If you are shipping agents into production today and relying on logs and error rates, the gap between what you can see and what is actually happening is larger than it appears. The good news is the tooling has crossed the threshold from "research project" to "production-ready" — OTel auto-instrumentation packages exist for every major framework, and the semantic conventions are stable enough to build on.

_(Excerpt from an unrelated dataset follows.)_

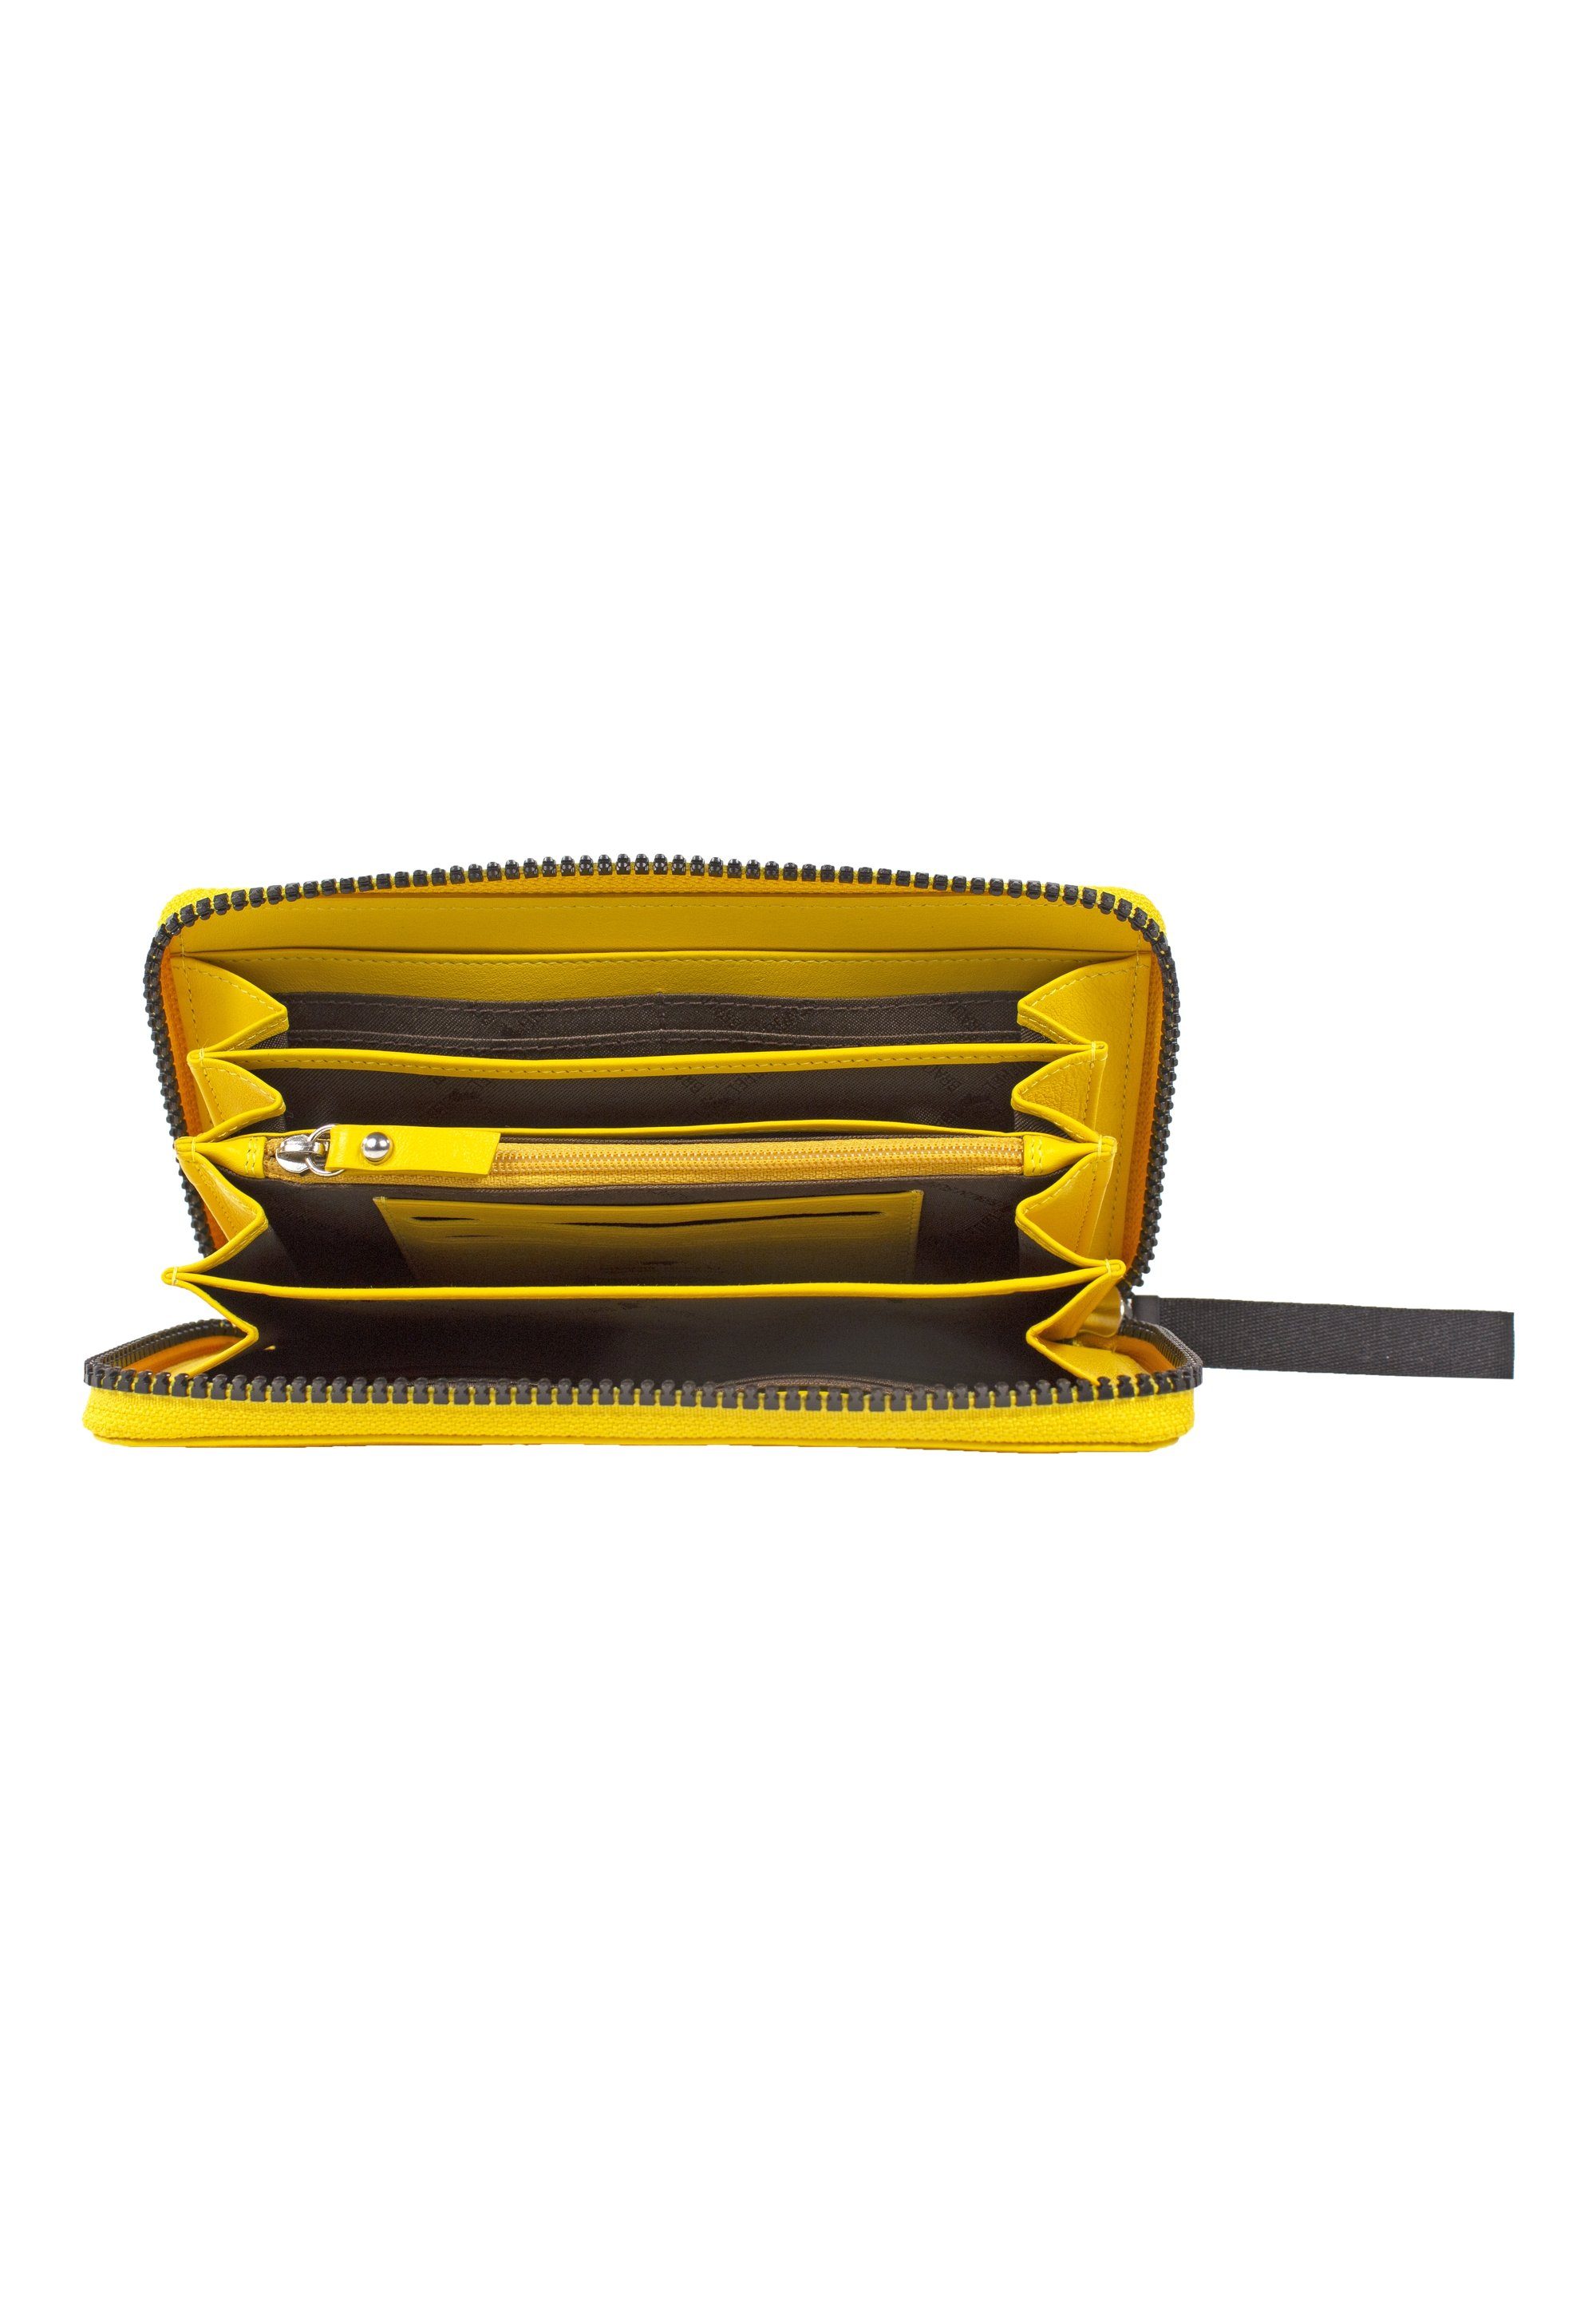 CAPRI Braun mit gelb Geldbörse Kartenfächern Büffel L, 18

The highest-leverage starting point is not the most sophisticated observability platform; it is getting OTel traces flowing to any backend, even just local Jaeger, so you can see a real trace of a real agent run. The architecture decisions — which platform, which sampling policy, how to structure eval pipelines — become much clearer once you have seen what your agent actually does.

Three concrete actions:

Add opentelemetry-instrumentation-<your-provider> to your agent's dependencies today. Most auto-instrumentation packages are a one-line import and zero code changes.
Adopt the gen_ai.* semantic conventions for any custom spans. This keeps your traces interoperable as the tooling ecosystem evolves.
Start tracking per-trace cost from day one. Token counts in span attributes make this essentially free to compute, and cost attribution to specific workflow patterns reveals optimization opportunities that would otherwise be invisible.